Cohort LTV also rolls up to ad-level — every Meta ad and Google ad in your account gets its own 7/30/90-day cohort attached, so you can score creatives not just on day-1 ROAS but on the long tail of repeat revenue they produce. This is one of the surfaces that distinguishes Admaxxer from platform-native reporting, where ad-level LTV is essentially absent.
Cohort assignment is based on the visitor's first purchase event; subsequent purchases are attributed back to the original cohort. We do not currently support multi-buy cohort splits (cohort by 2nd-purchase, etc.) — that's a v1.5 follow-up.
6. CAPI match rate
CAPI (Conversions API) is Meta and Google's server-side event ingestion endpoint — the browser-independent reinforcement to your pixel. Every pixel-side event should be twinned with a CAPI event so the ad platform's optimization model has dedup-friendly, identity-rich signal even when browser tracking is blocked.
Match rate is the percentage of pixel-side events that successfully reconcile with their CAPI twin — same event_id, same user, same timestamp window. Hyros pioneered surfacing this metric prominently because it is the single best leading indicator of attribution quality.
- 90%+ match rate
- Healthy. Meta's optimization model has full signal — both browser and server events are arriving, deduplicating cleanly, and being attributed to ad clicks.
- 70–90% match rate
- Degrading. Investigate dedup keys (
event_id,fbp,fbclid). Common causes: missingevent_idon server-side events, clock skew between browser and server, or missingfbclidcapture on landing pages. - Less than 70% match rate
- The optimization model is flying partially blind. Expect rising CPAs and degrading ROAS. This is the "fix it now" tier.

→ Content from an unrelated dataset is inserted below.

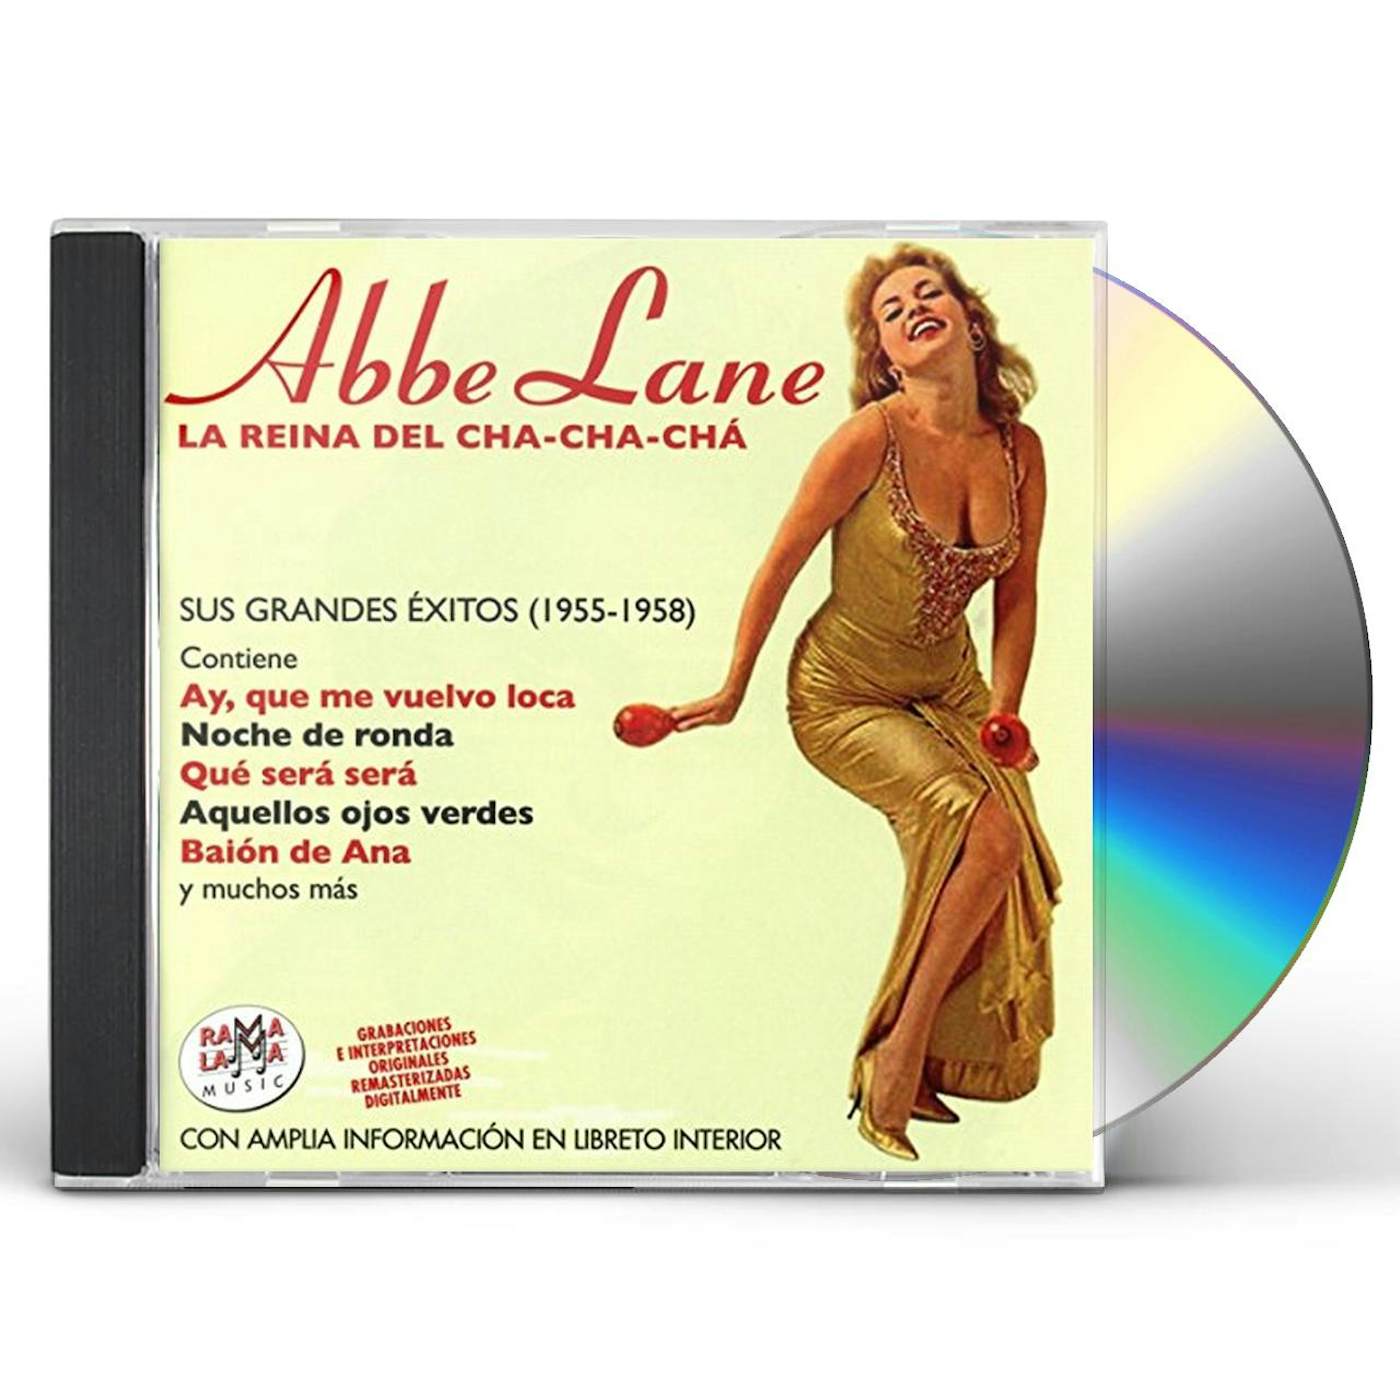 Abbe Lane LA REINA DEL CHA-CHA-CHA SUS GRANDES EXITOS 55-58 CD

Admaxxer computes match rate hourly per pixel, per ad account, and surfaces it on the dashboard with a delta vs last week — so a sudden drop is impossible to miss. We also emit a Slack/email alert when match rate crosses the 80% threshold downward.
7. Forecasting
Admaxxer ships a v0.1 revenue forecast built on OLS regression with weekly seasonality regressors. The model trains on at least 30 days of pixel-side daily revenue and predicts forward at 30, 60, or 90-day horizons.
revenue_t = β₀ + β₁·trend_t + Σ βᵢ·dow_i + ε_t
Where trend_t is a linear time index and dow_i is a one-hot day-of-week dummy (Monday through Saturday, with Sunday as the baseline). We emit p10 / p50 / p90 prediction bands — the p10 is your soft-cap downside, the p90 is your stretch upside, and the p50 is the median expected path.
v0.1 is intentionally simple. It is good enough to set weekly cash-flow expectations and feed into the MMM budget-allocation suggestions documented in the next section. v1.5 will upgrade to Prophet for additive holiday modeling, automatic changepoint detection, and uncertainty intervals tuned to your historical volatility.
Note: we will not return a forecast if you have less than 30 days of pixel history. The dashboard shows a "collecting signal" state until you cross the threshold. If you have at least 30 days but high variance, the prediction bands will widen accordingly — that is the model honestly communicating uncertainty rather than overfitting a noisy series.
8. Marketing Mix Modeling (MMM)
MMM decomposes total revenue into channel contributions over time so you can answer the budget question: if I shift $10K from Google to Meta, what happens to revenue?
Admaxxer's v0.1 MMM is OLS regression with geometric adstock. Adstock models the lagged effect of advertising — an ad impression today doesn't only drive conversions today, it contributes to conversions for several days afterward, with the effect decaying geometrically. Default carryover is 0.5 (each day's spend contributes 50% of the previous day's effect on top of its own), which is in the middle of the 0.3–0.7 range typical for performance channels.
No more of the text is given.